OWNER: gerco (infrastructure) ALSO_USED_BY: urszula, maxim (application usage) LAST_VERIFIED: 2026-03-26 GE_STACK_VERSION: Redis 7.4


Overview

Known failure modes in Redis usage within GE. Agents MUST check this page before writing code that interacts with Redis. New pitfalls are added here when discovered — items are NEVER removed.

Memory Exhaustion

Unbounded Streams

ANTI_PATTERN: XADD without MAXLEN — streams grow without limit. FIX: Every XADD MUST include MAXLEN ~ {limit}. Per-agent: 100. System: 1000.

This is GE's most expensive Redis mistake to date. An unbounded triggers.* stream once consumed 180MB before detection, pushing Redis past its 256MB limit and triggering allkeys-lru eviction of active cache keys.
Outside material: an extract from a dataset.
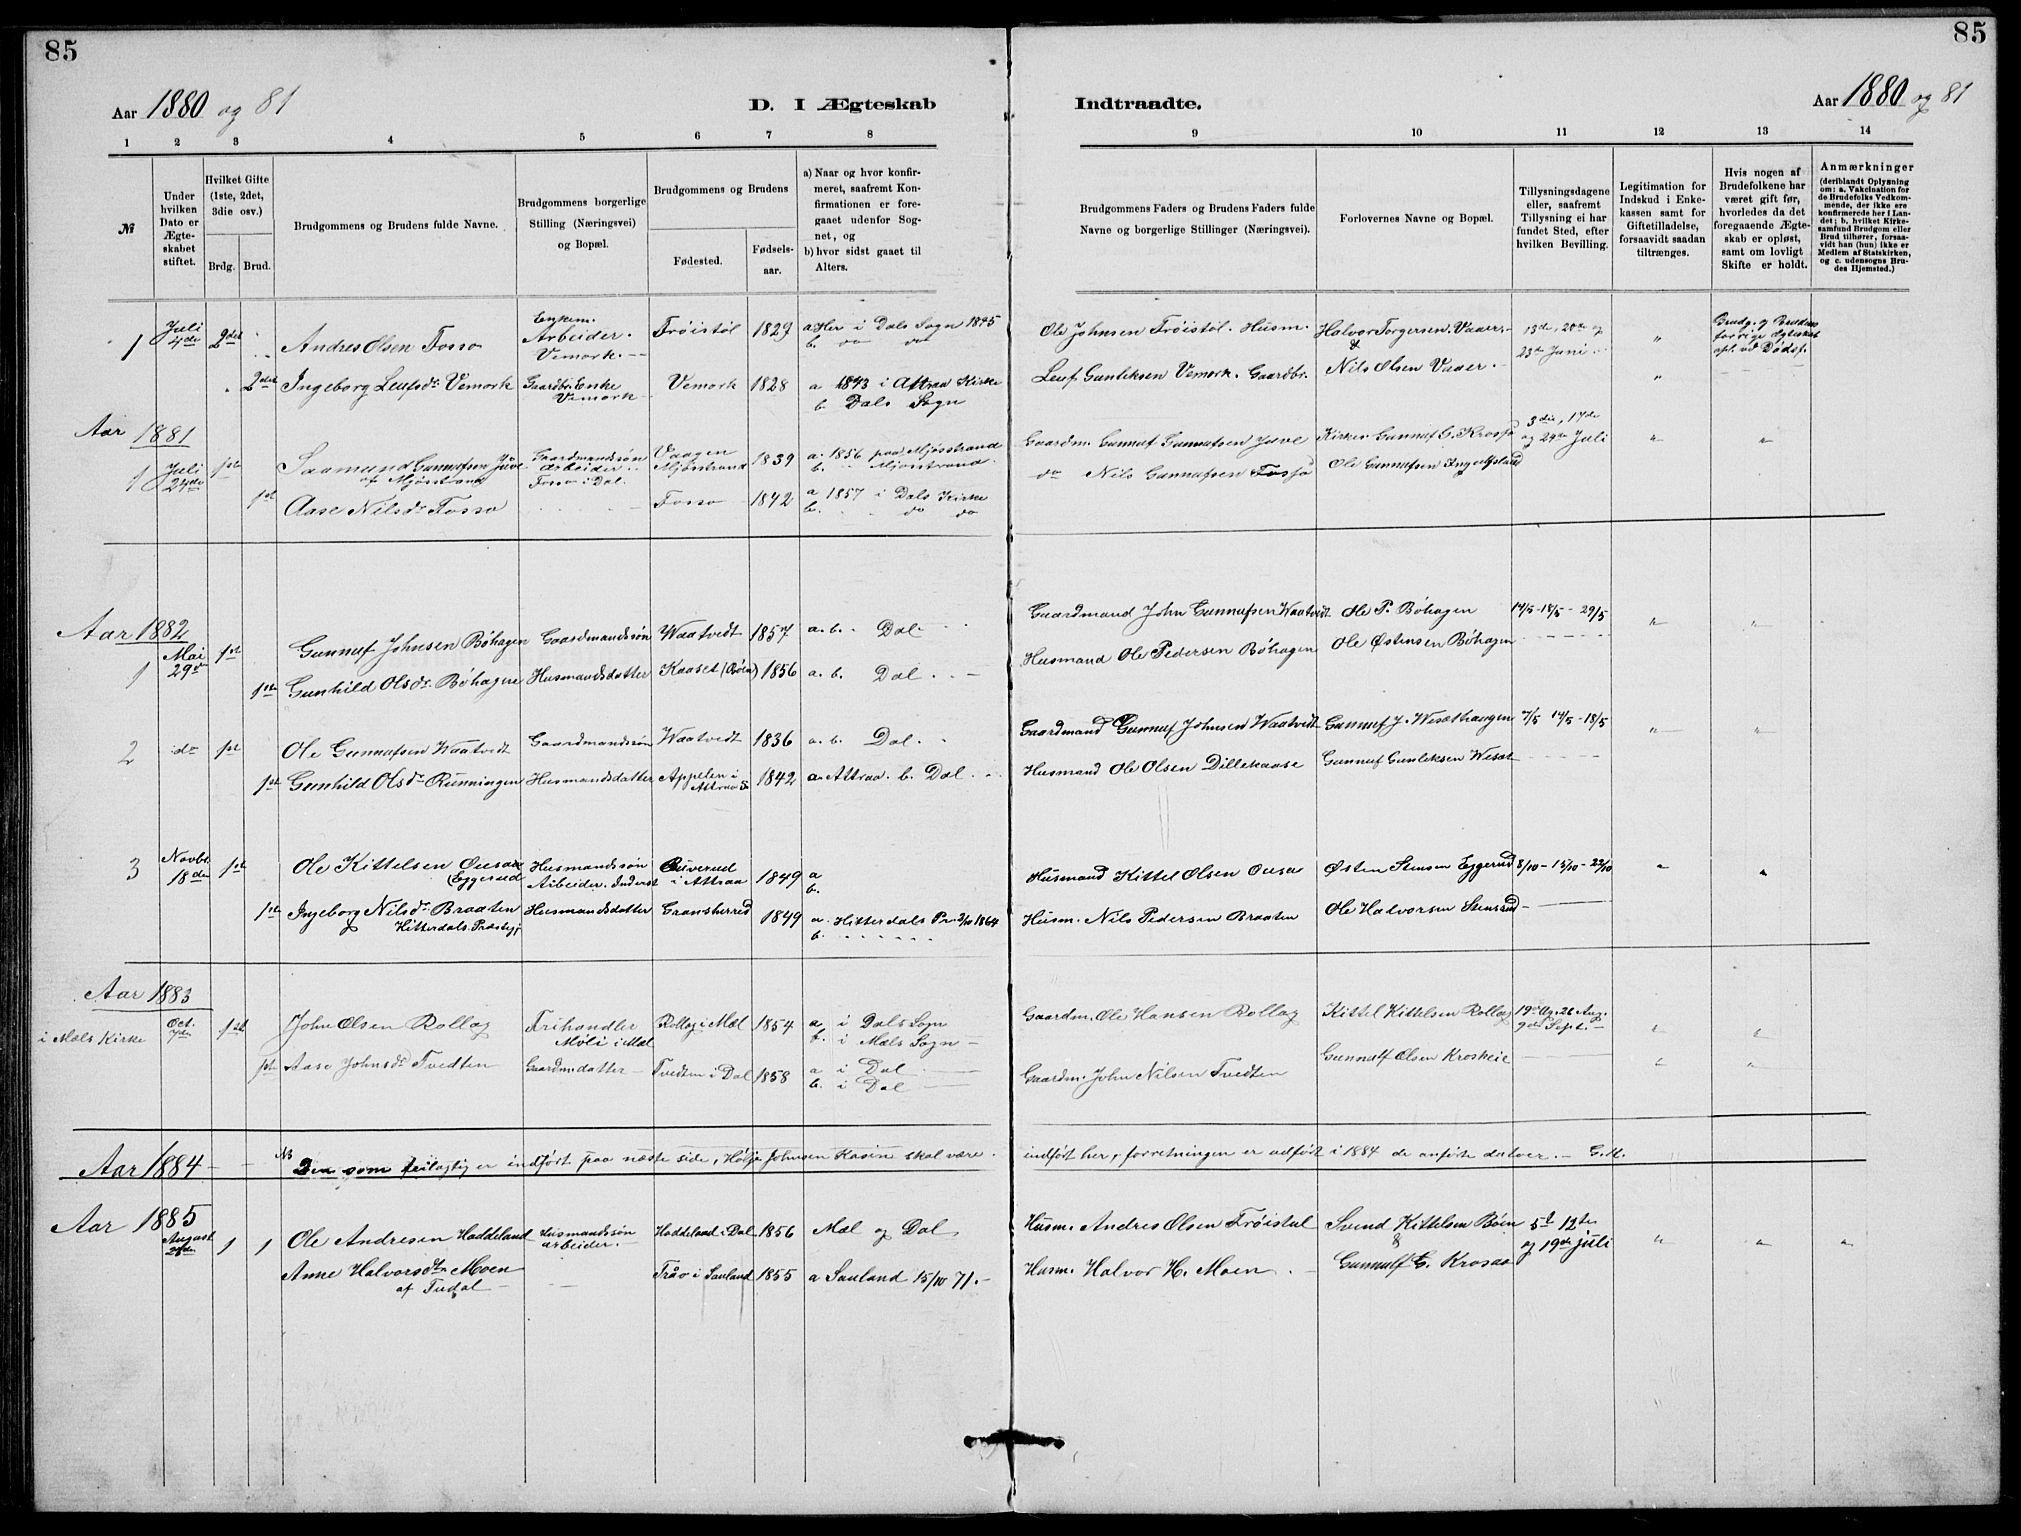 SAKO, Rjukan kirkebøker, G/Ga/L0001: Klokkerbok nr. 1, 1880-1914, s. 85

ADDED_FROM: ge-infrastructure-2026-02, unbounded stream incident

Keys Without TTL

ANTI_PATTERN: Setting cache keys without EXPIRE/EX. FIX: Every cache key MUST have a TTL. Even write-through keys get a safety TTL.

# Audit: find keys without TTL
# Run from redis-cli (not in application code)
# WARNING: SCAN only — never KEYS
redis-cli -p 6381 --scan --pattern "cache:*" | while read key; do
    ttl=$(redis-cli -p 6381 TTL "$key")
    if [ "$ttl" = "-1" ]; then
        echo "NO TTL: $key"
    fi
done

Big Keys

ANTI_PATTERN: Storing large values (>1MB) in a single key. FIX: Break large data into smaller keys or store in PostgreSQL with a Redis pointer.

Big keys cause:

  • Slow operations (serialization/deserialization on every read/write).
  • Memory fragmentation.
  • Blocking during deletion (DEL on a 10MB key blocks the event loop).

CHECK: Agent is caching a large payload. IF: Payload size exceeds 100KB. THEN: Reconsider. Cache only the fields needed, or store in PostgreSQL with a lightweight Redis pointer.

No maxmemory Configuration

GE sets maxmemory 256mb with maxmemory-policy allkeys-lru. If maxmemory is not set, Redis grows until the OS kills it (OOM).

CHECK: Agent is deploying Redis configuration. IF: maxmemory is not set. THEN: ALWAYS set maxmemory. GE standard: 256MB.

The KEYS Command

ANTI_PATTERN: Using KEYS * or KEYS pattern:* in application code. FIX: Use SCAN with a cursor. KEYS performs an O(N) scan of the entire keyspace, blocking the single-threaded event loop for the duration. On a large keyspace, this freezes ALL Redis operations for seconds.

# WRONG — blocks Redis
keys = await redis.keys("agent:*")

# CORRECT — iterates without blocking
keys = []
async for key in redis.scan_iter(match="agent:*", count=100):
    keys.append(key)

CHECK: Agent is searching for keys matching a pattern. IF: Code uses the KEYS command. THEN: Replace with SCAN. No exceptions, not even in admin tools or one-off scripts that run against production Redis.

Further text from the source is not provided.